Editor: Maria Sheherazade Giudici

Date: 2020

Excerpt:

“In the Information Age, the archive performs a unique role in society as a building constructed to house information through the ages. In contemporary culture, it is largely understood as a neutral repository, but notions of power and control are in fact fundamental to its formation and etymology. The term ‘archive’ derives from the Latin ‘archivum’, meaning the ‘residence of the magistrate and those who command’ , which in turn comes from the Greek arkhe, a word that signifies both ‘commencement’ and ‘commandment’. As Derrida noted, it is thus both a principle of nature or history – within which things commence – and a principle of law – within which authority and social order are exercised. It is simultaneously a place – oikos – and a form of order and law – nomos. It refers concurrently to a particular building – typically a symbol of a public institution – and the collection of documents that it houses. If this information is understood as power, the archive is, and has always been, a critical technology of rule.

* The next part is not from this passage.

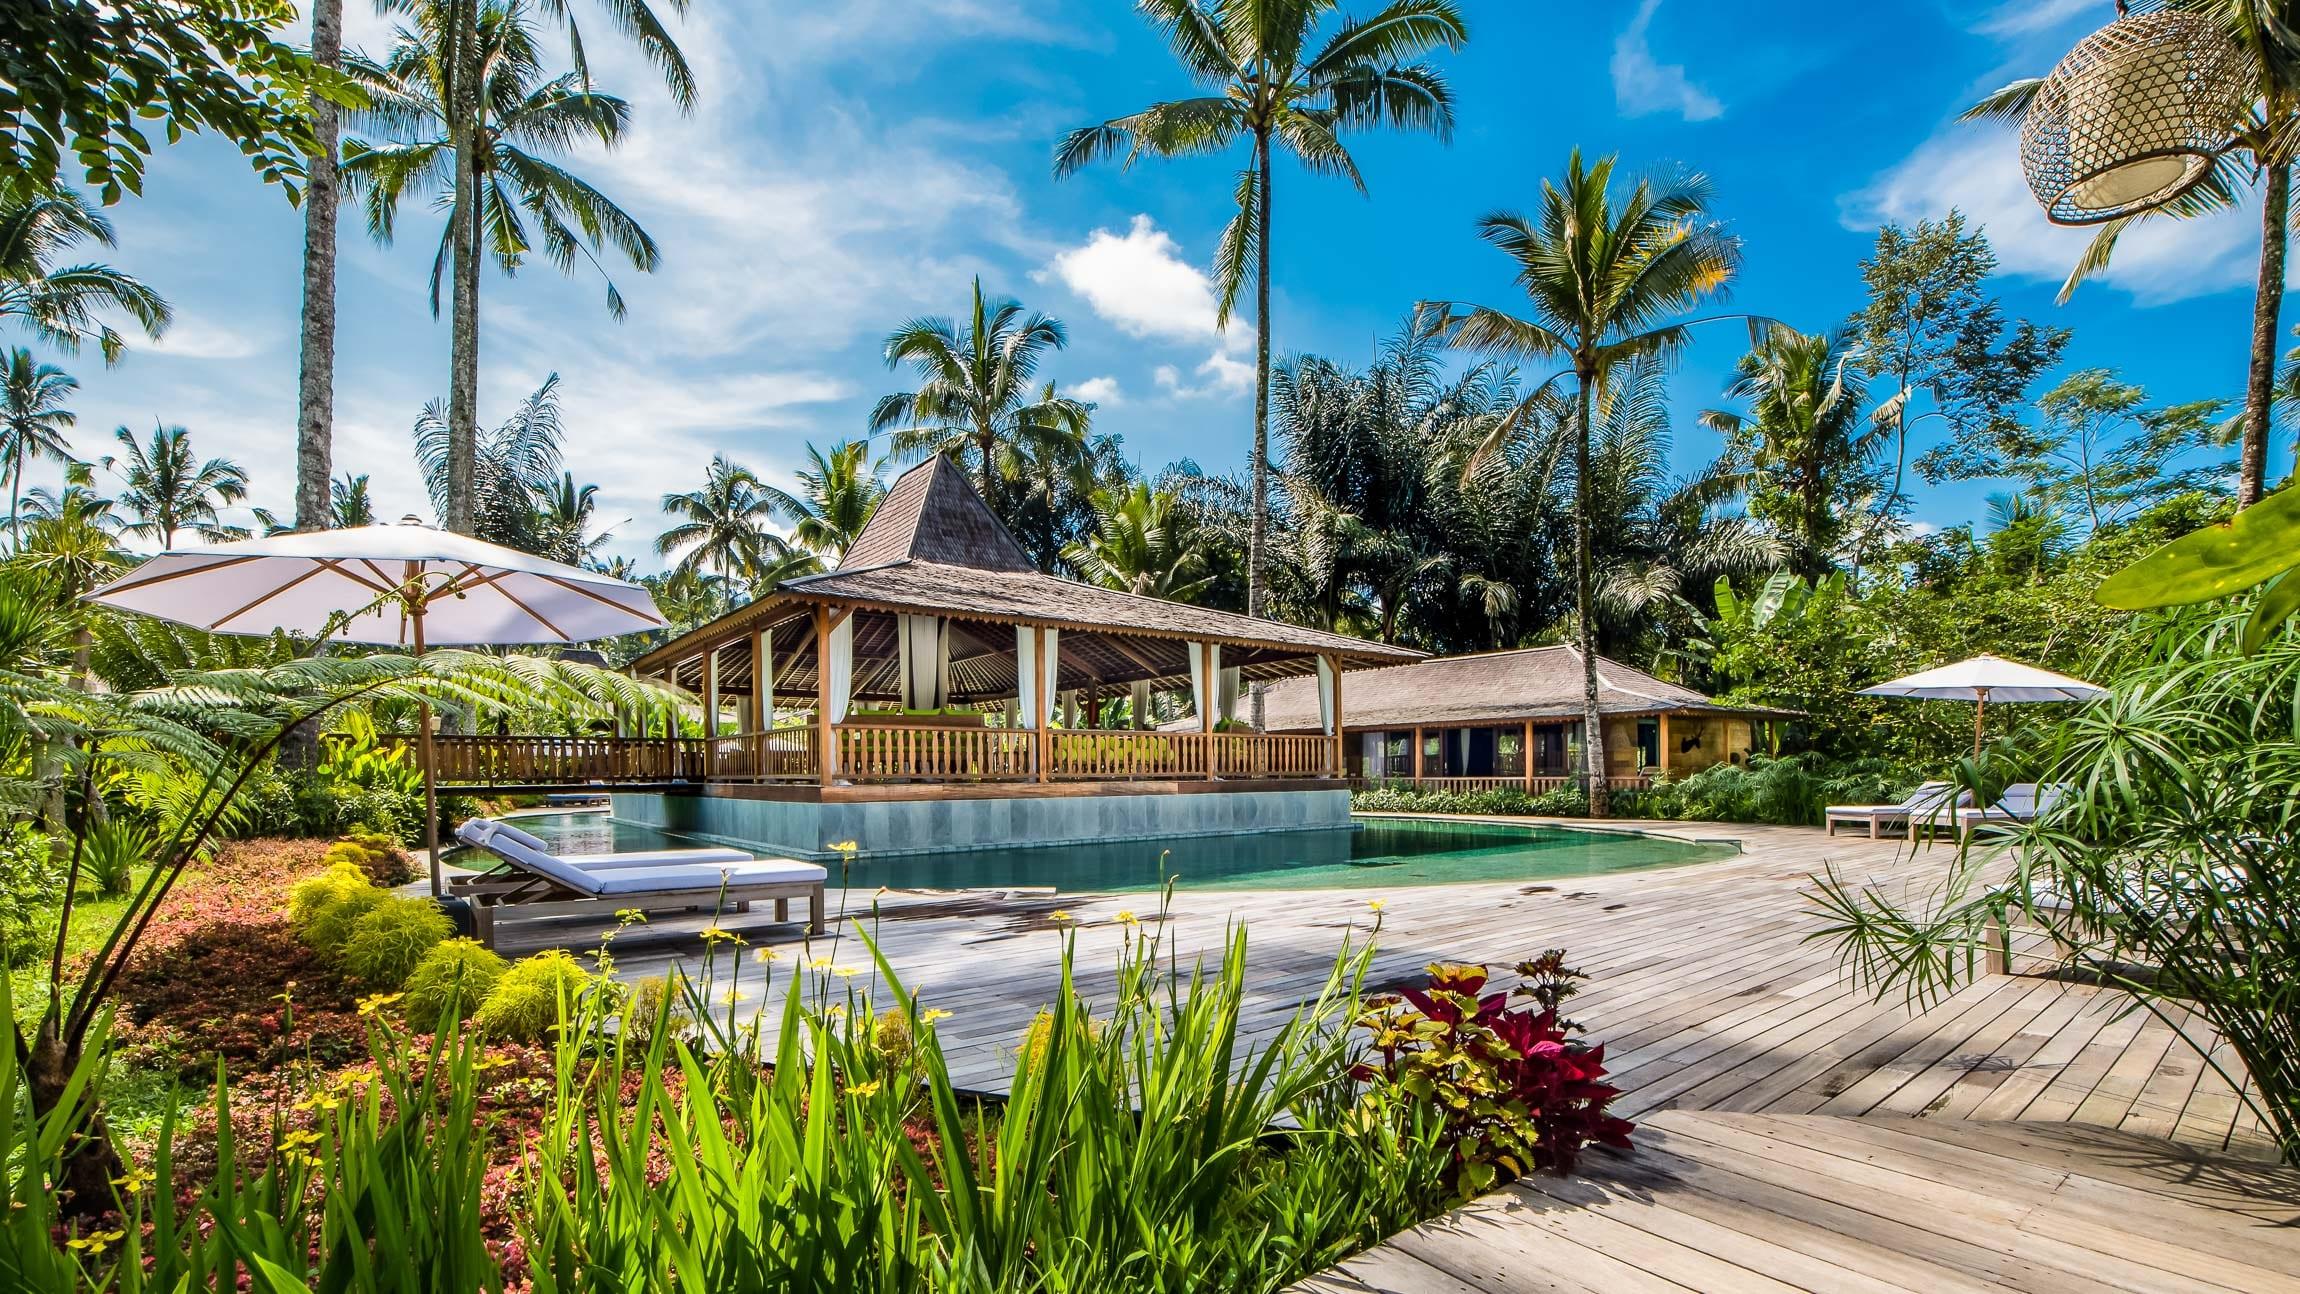 Villa Nag Shampa - Ubud, Bali, Indonesia

This history of the archive dates back to early practices of agriculture, within which forms of ‘external memory’ comprised of written documents were employed to keep track of land, production and, eventually, taxes. The ability to write was limited to the elites during this formative period, and therefore the accumulation of early records in storehouses was not innocent. In fact, rulers who were accruing power by controlling resources invented the archive as a means by which to consolidate and reinforce their authority. The Venetians were the first to develop a well-articulated state archival system to this end in the mid-15th century, and used it to expand their commercial maritime empire. But over time, as writing (as well as other mediums) became more accessible and expanded to record more information about ever more topics, such mechanisms proliferated. Today, archives are used not only for research, but also to construct national identities, to retain material about religions, politics, laws and even individual families. The duality of understanding them as spaces and laws, as well as buildings and the information that they contain, intertwines them with complex questions of power that are inherent in the fundamental acts of archiving – selecting, ordering and preserving.”